═════ Recorded information

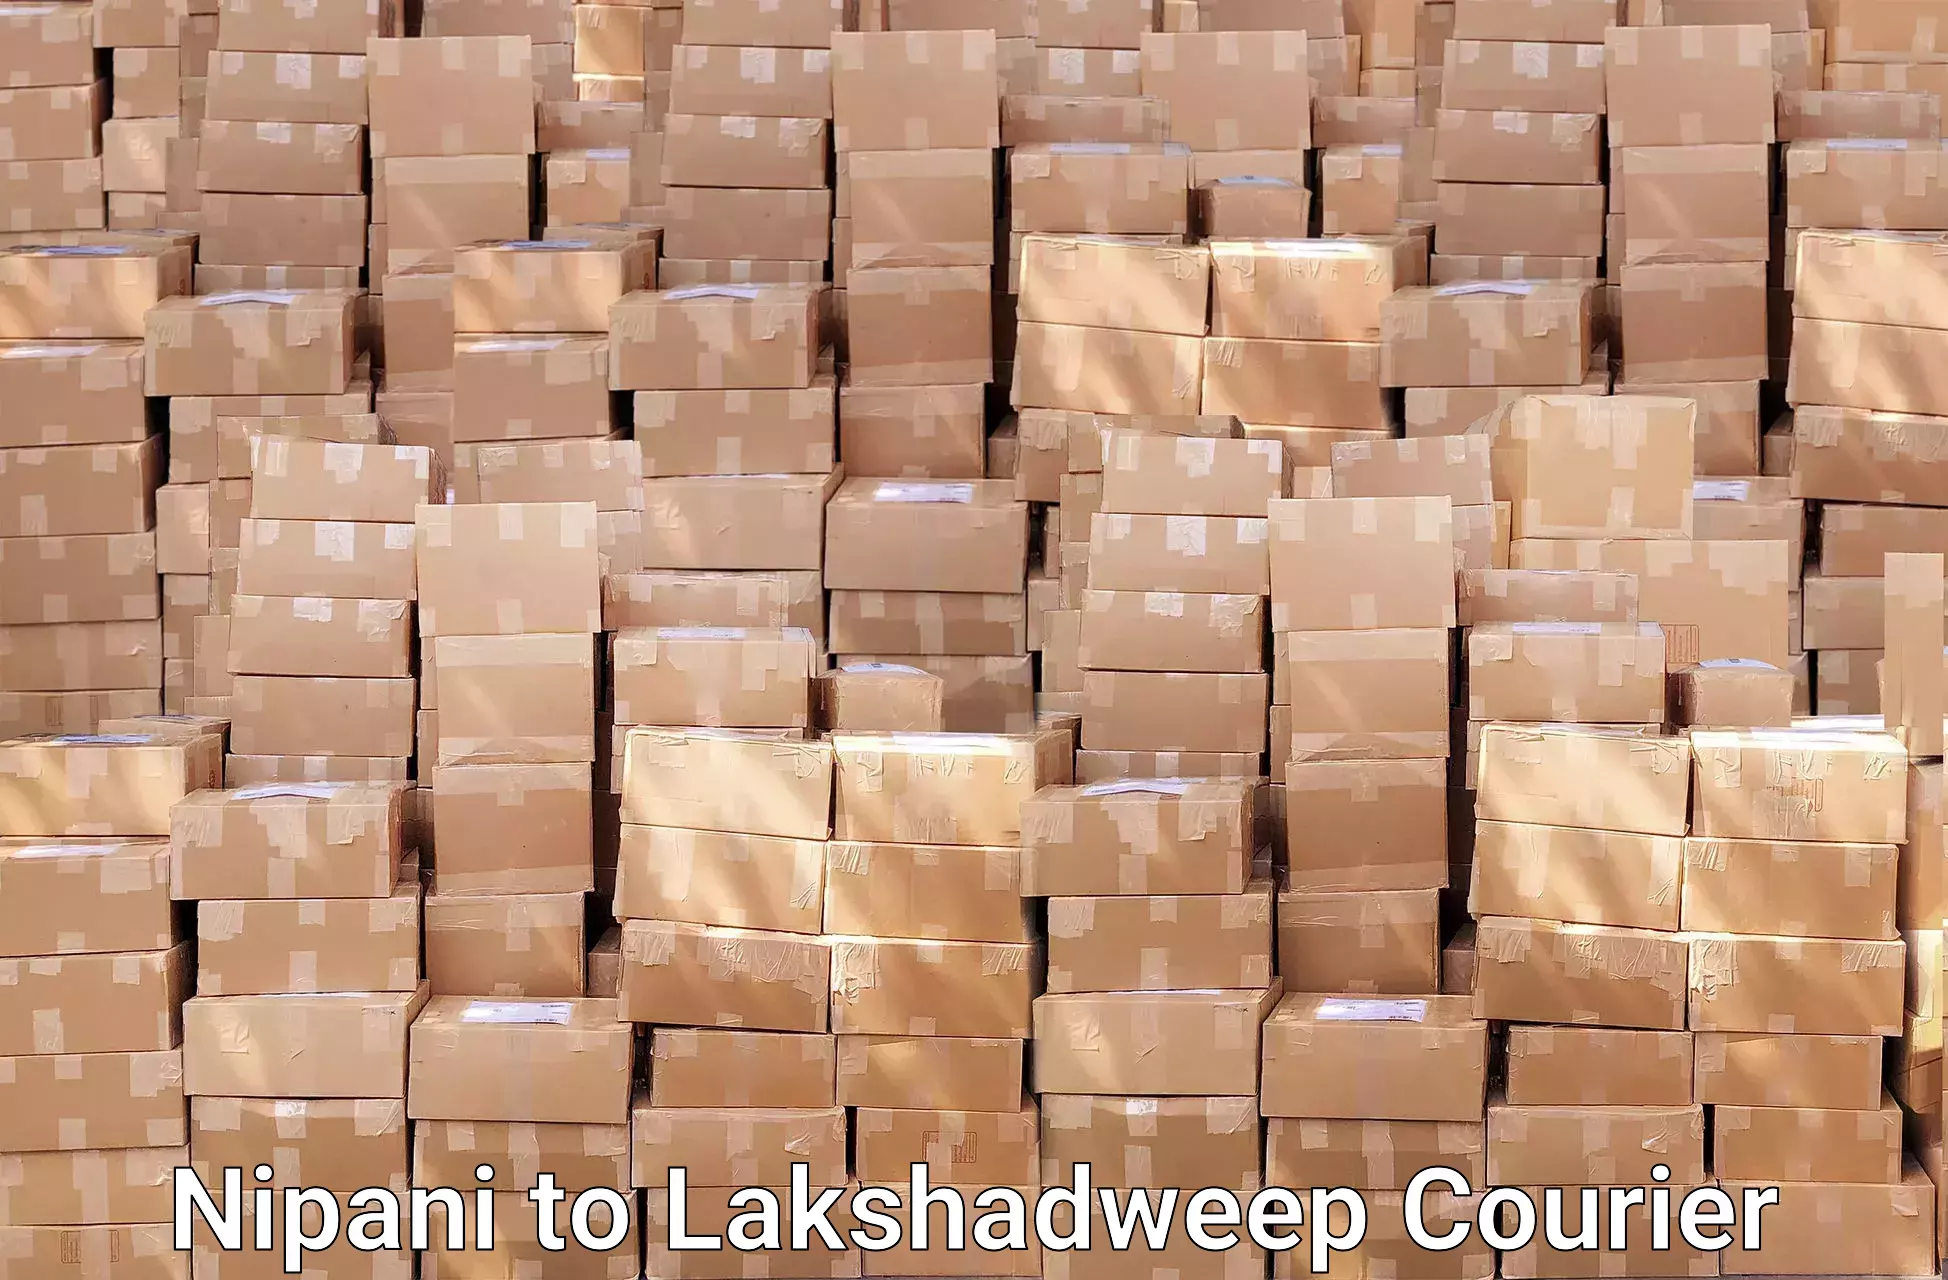 Furniture moving experts Nipani to Lakshadweep
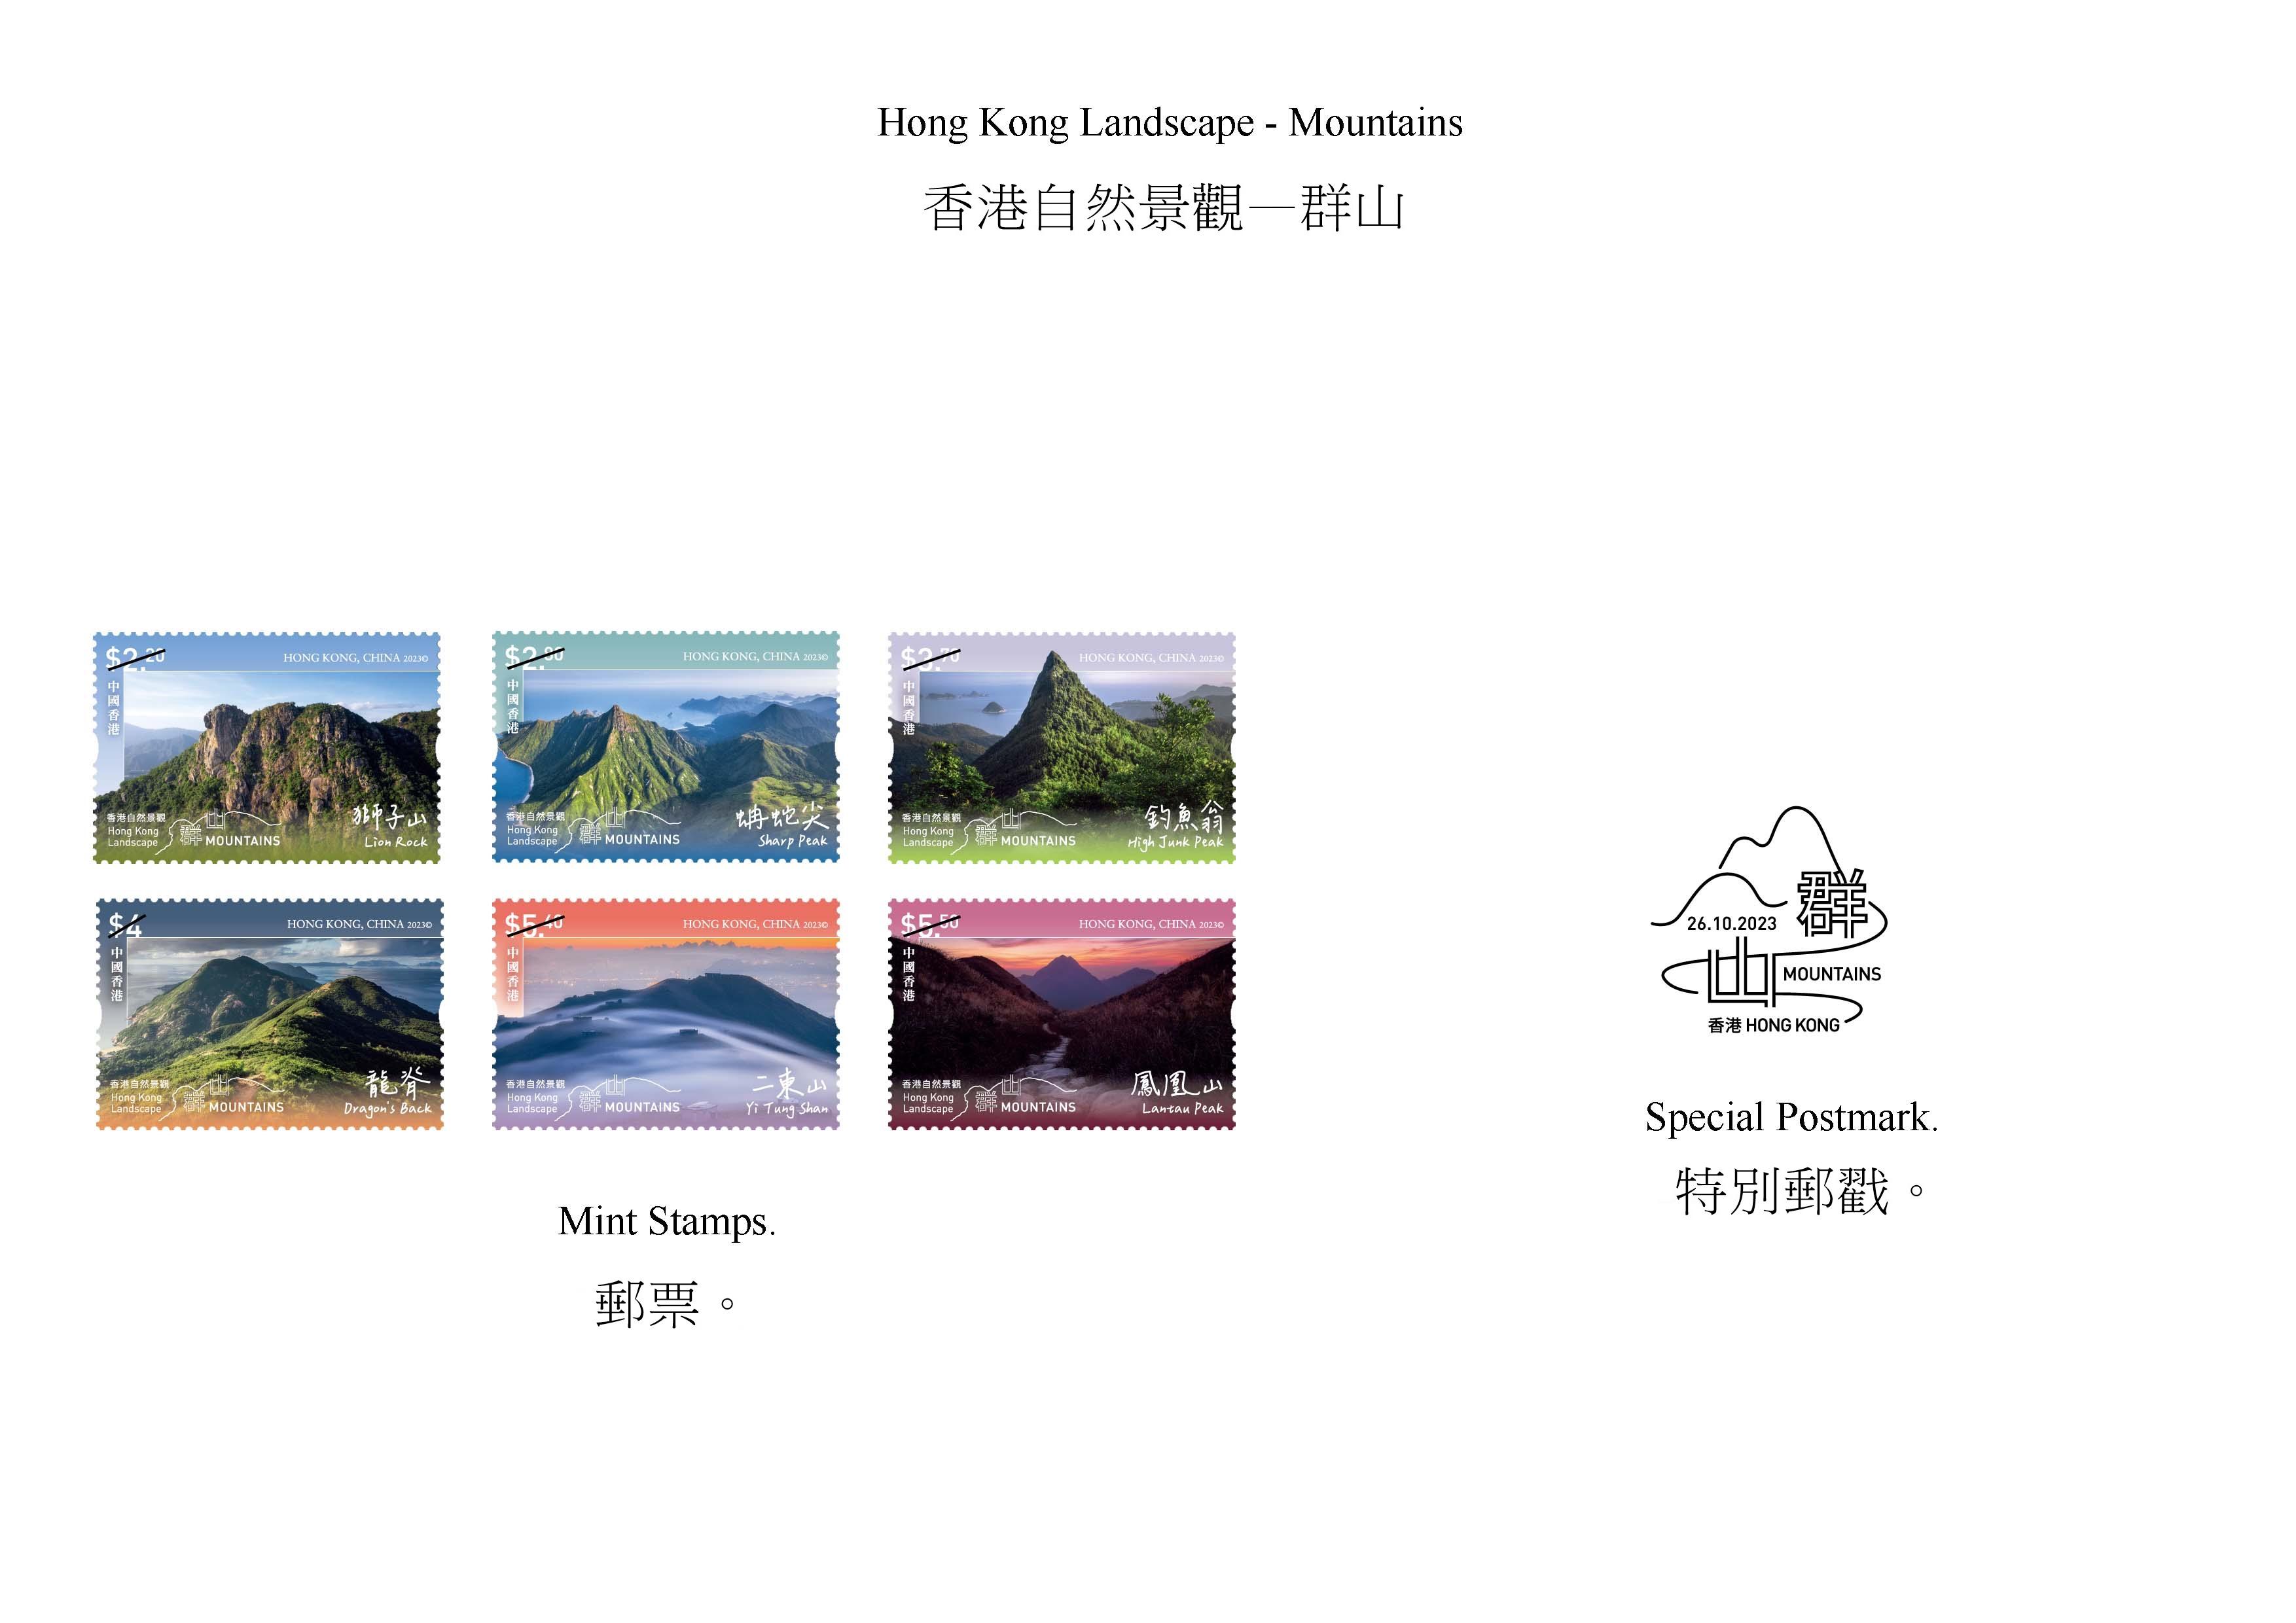 香港邮政十月二十六日（星期四）发行以「香港自然景观——群山」为题的特别邮票及相关集邮品。图示邮票和特别邮戳。
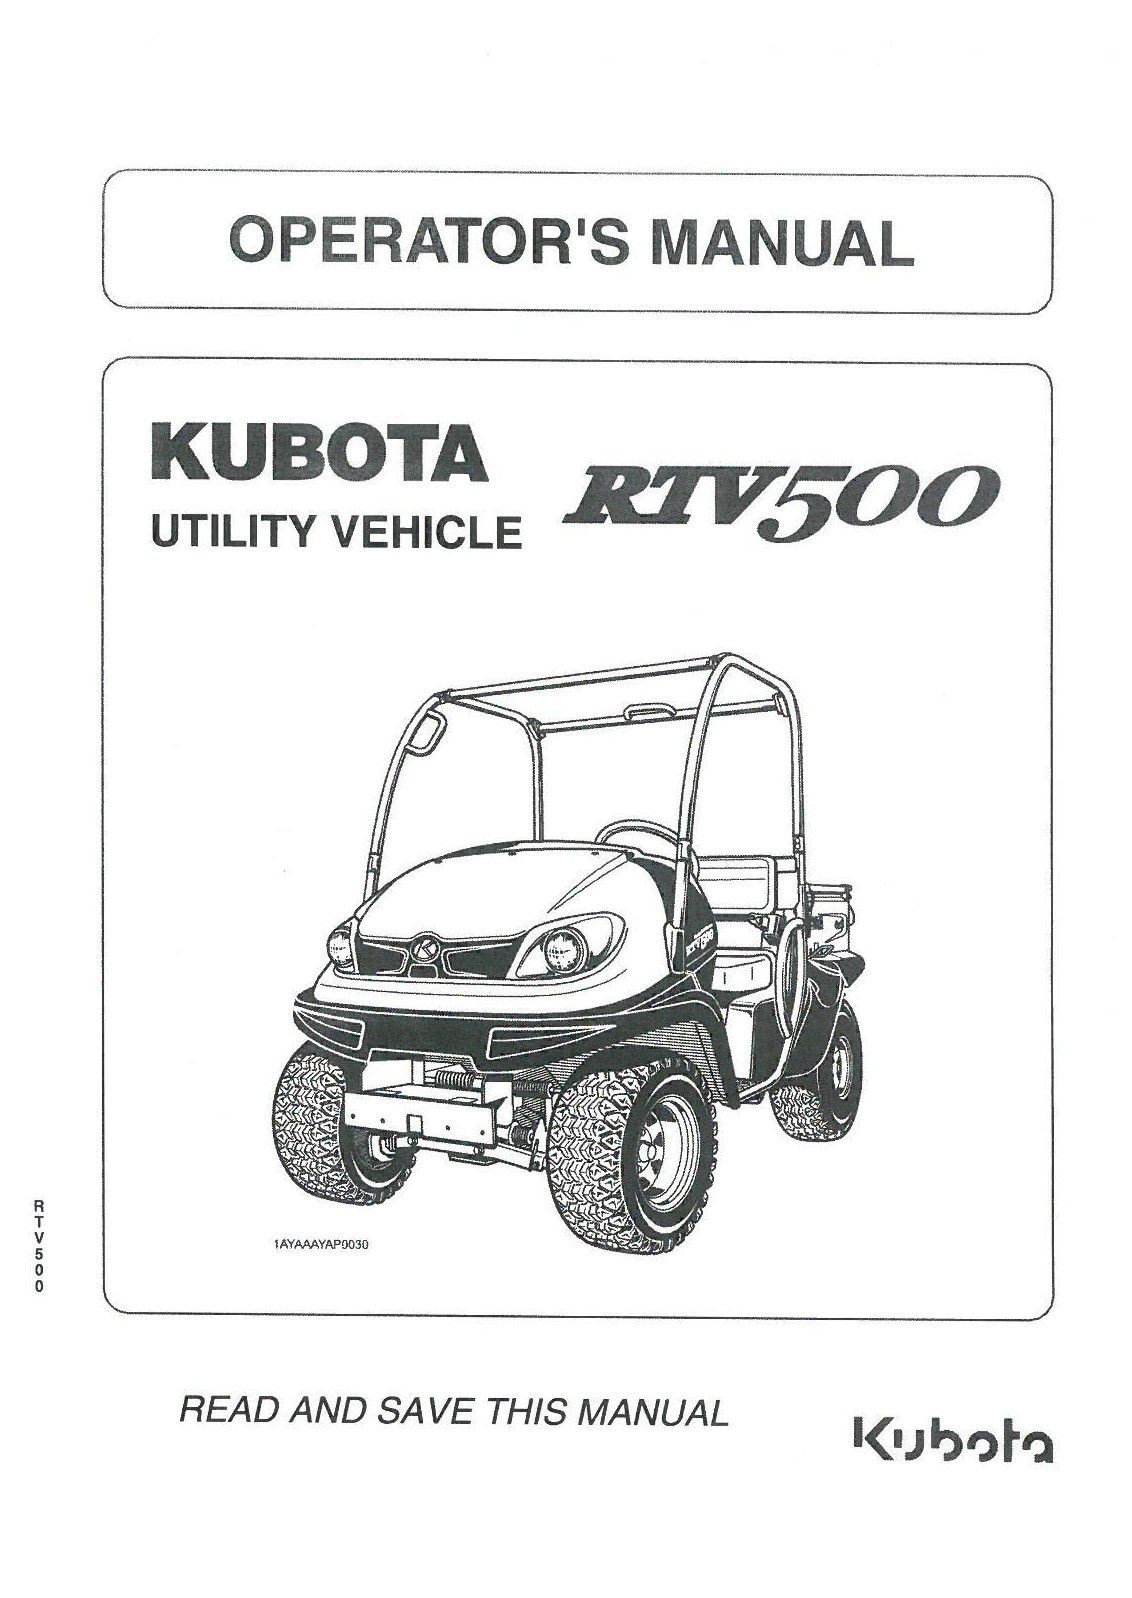 Kubota Rtv 500 Engine Diagram Kubota Utility Vehicle Rtv500 Operators Manual Rtv 500 Of Kubota Rtv 500 Engine Diagram

══════════

Work instruction: Would you return all of the data above word for word, omitting every picture?

Your response:
 Furniture moving experts Nipani to Lakshadweep
 香港邮政十月二十六日（星期四）发行以「香港自然景观——群山」为题的特别邮票及相关集邮品。图示邮票和特别邮戳。
 Kubota Rtv 500 Engine Diagram Kubota Utility Vehicle Rtv500 Operators Manual Rtv 500 Of Kubota Rtv 500 Engine Diagram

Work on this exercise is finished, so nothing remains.